Ron: So that's an interesting perspective regarding the premise of putting the technologies and or the software in place that I know a lot of the CI space is trying to do right now. You know companies like Domotz and Ihiji they have products and software that allow an integrator to go and monitor the devices in the home and make sure they're stable and online and so they from your perspective they can go in and do that and get an RMR stream going which is really strong for the business to have that stable cash flow. But in terms of that then, the next step being valuable on the marketplace where someone would say Great you've got one hundred accounts on a service or a monitoring plan. There's no buyers for that yet. Is that what you're saying? So where as security there's clearly a proven multi decade market of a lot of acquisitions going on there on the service and maintenance contract that precedent is not in place.

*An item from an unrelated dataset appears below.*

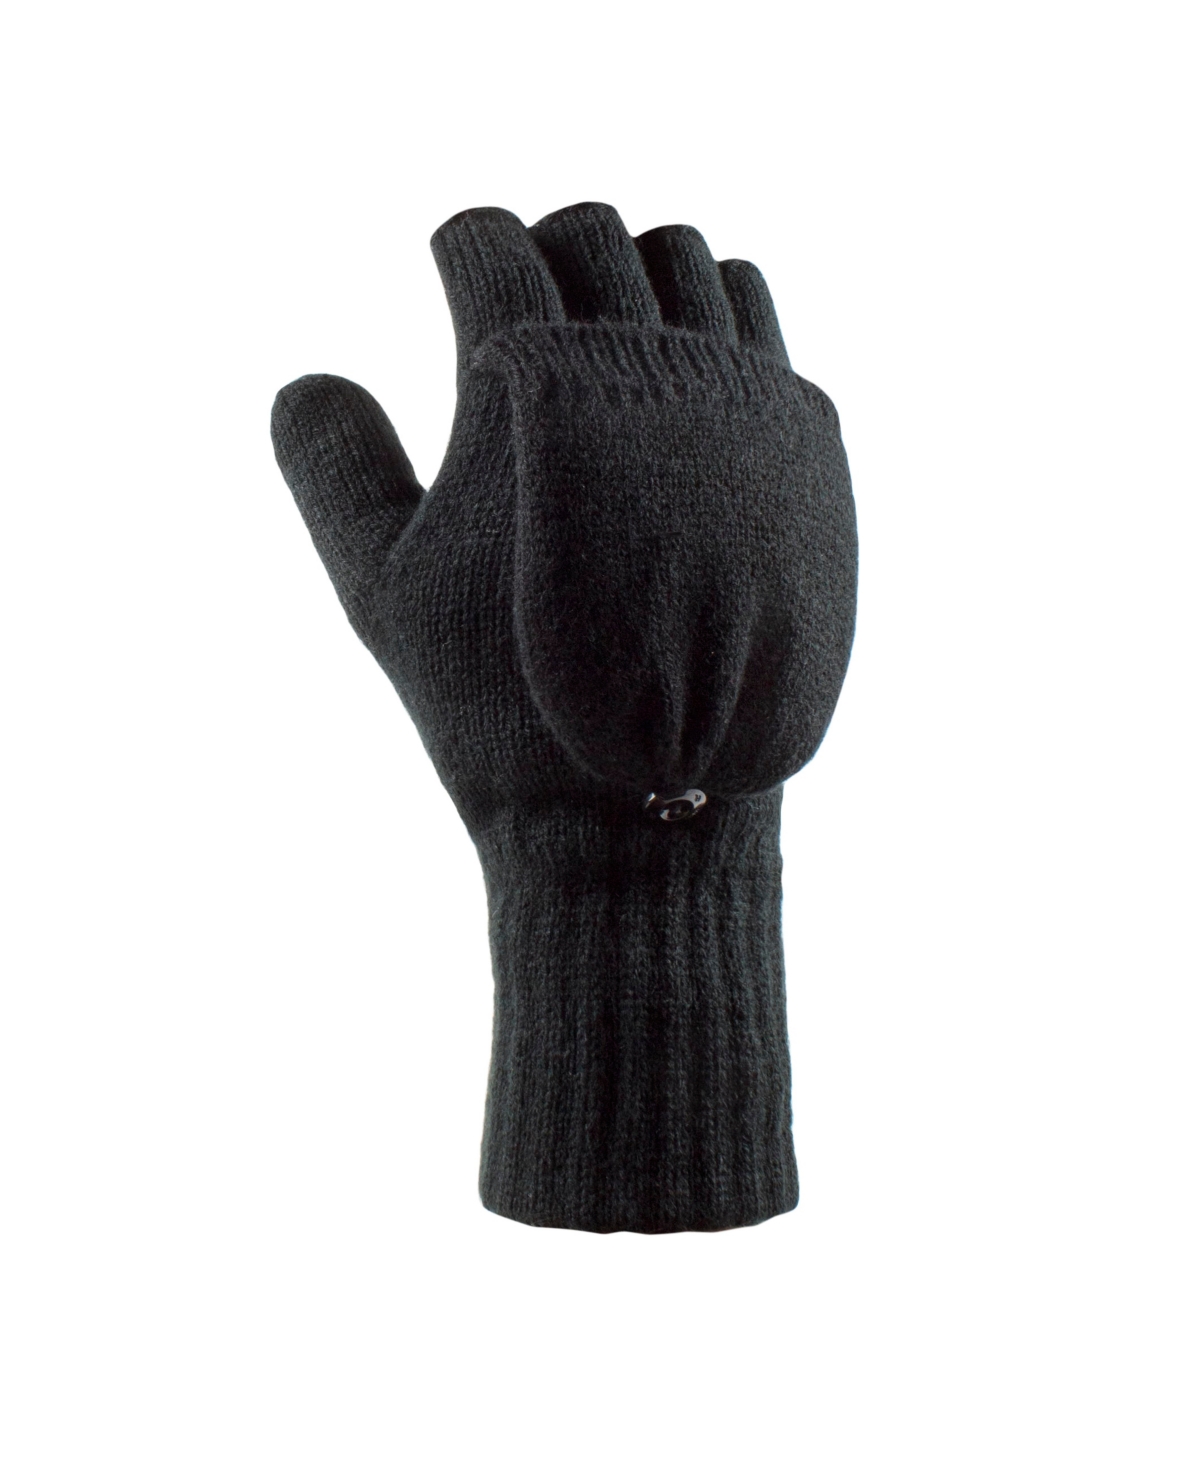 Men's Ken Converter Mitten Glove - Black
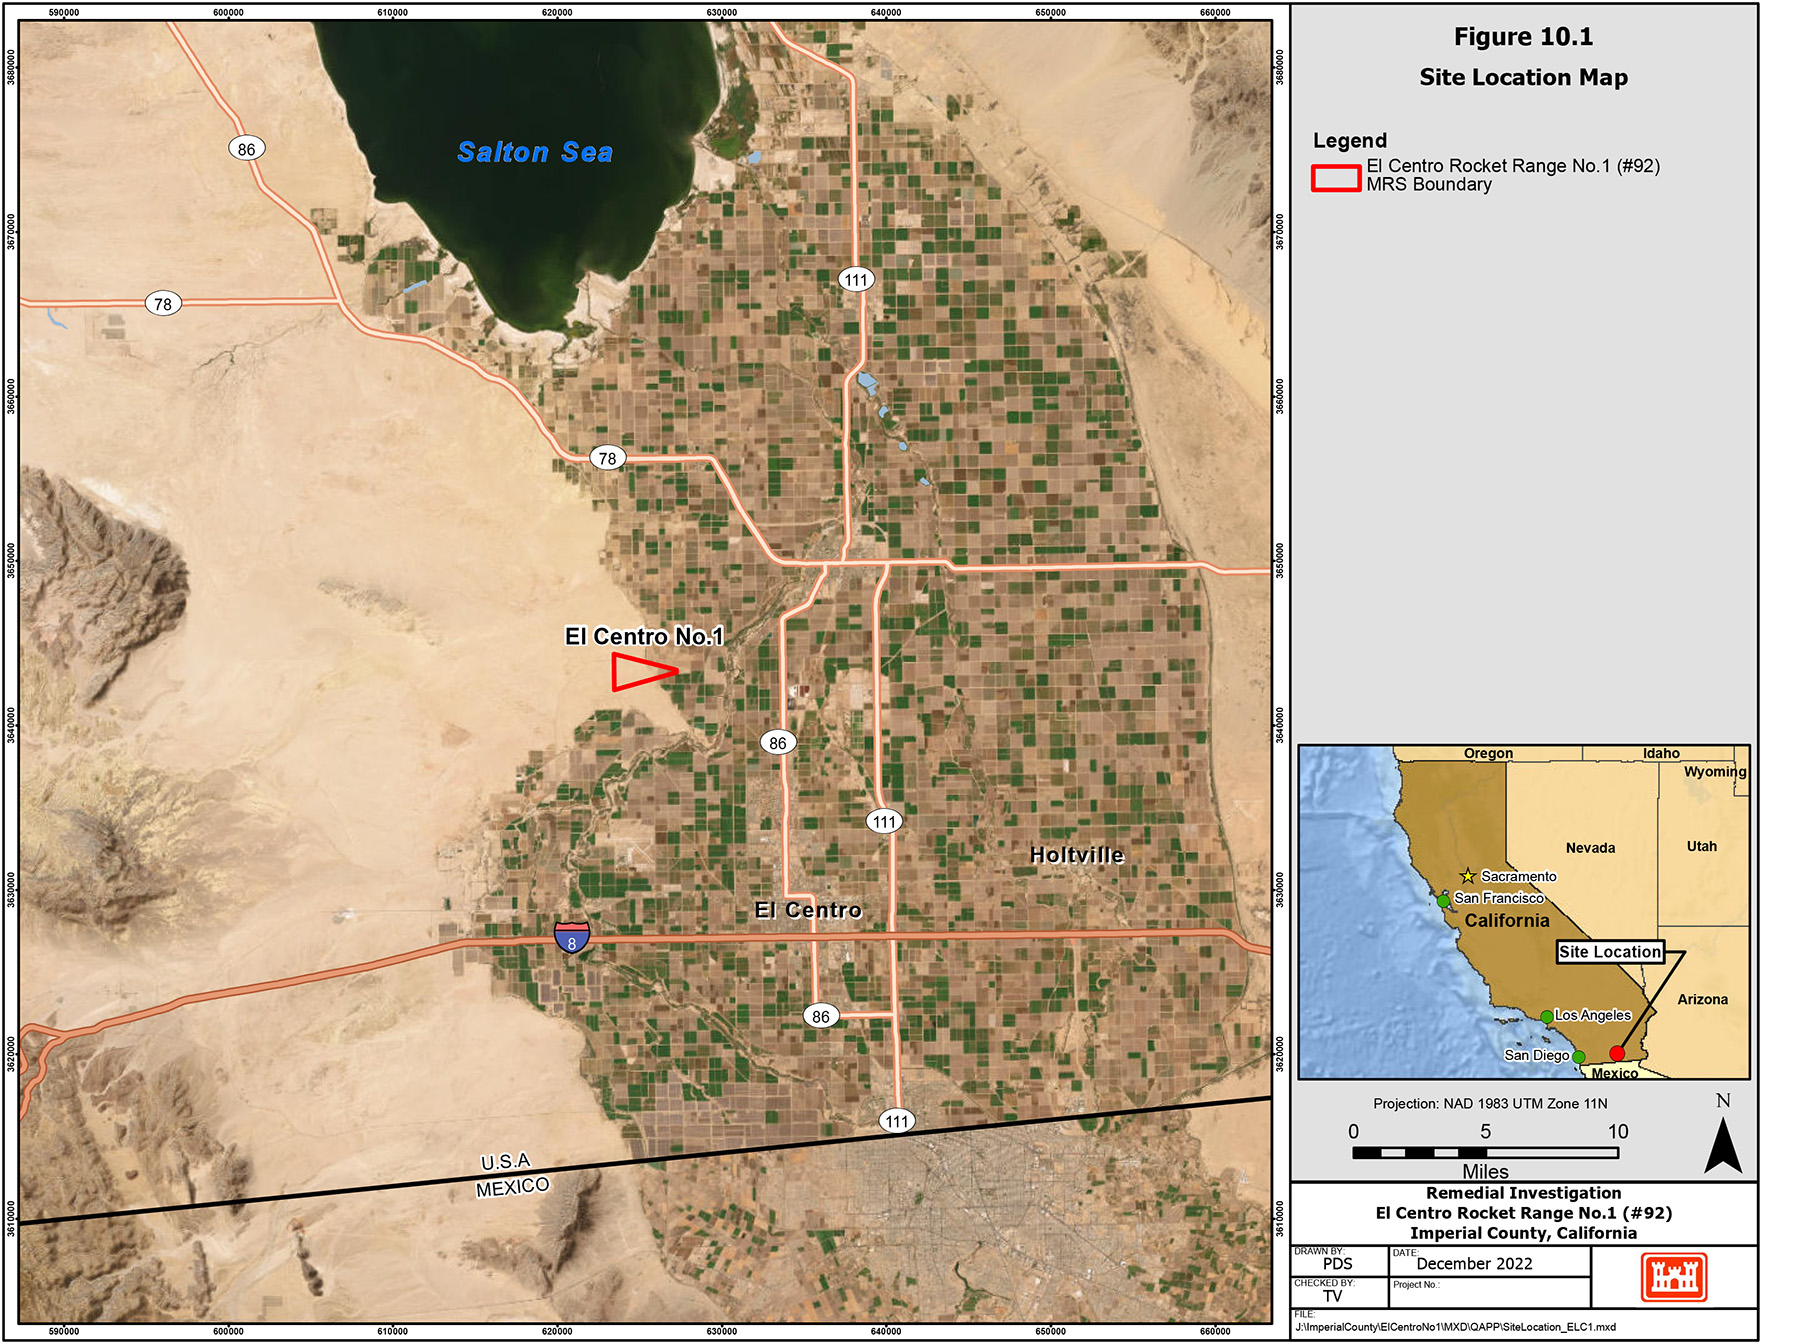 Site Location Map for El Centro Rocket Target Range #1

Greg: That's correct. I mean really where the value would come is somebody internally or somebody looking to buy that company. It actually has value because one , it's going to increase the net profitability of that individual company and someone looking to buy that company. The reason a lot of people don't want to just come in and buy your audiovisual integration company is because they see it as buying small trucks and they see it as you know taking on almost liability in some cases. So if we can show more profitability one it just becomes more attractive to someone who wants to buy that business plus if they're looking at buying the business and then building on that recurring revenue is there, those contracts are signed and that buyer. I think it's going to bring way more buyers to the table in our industry like maybe businesses that have that now because of that recurring revenue even if it's not valuable on the open market. It's extremely valuable to that business by itself. And I think that's super important because right now when we try to sell the business as we're retiring whatever it might be, very challenging but with a recurring revenue base we've built up they're going to pay you for that. And there might be an opportunity where we could get to the levels that security's paying because I think where it's moving is as security goes to DIY and the prices come down. What we're gonna do on our side is going to be very new. We have to create value to the customer and then which a lot of these people are creating products that allow us to do that, create value for the customer, that the customer is willing to stay and continue to pay those recurring revenue fees over time. That's where you start to see the value a lot. What happened when in the security world is once you had a monitored security system even if you don't even turn your alarm on which a lot of our customers don't. It's a peace of mind thing and they're willing to pay for it because of that one time they might need it or the two times a year they go on vacation they're willing to pay. We need to work as an industry to show value in these other things we can do and to be able to have them continue to pay.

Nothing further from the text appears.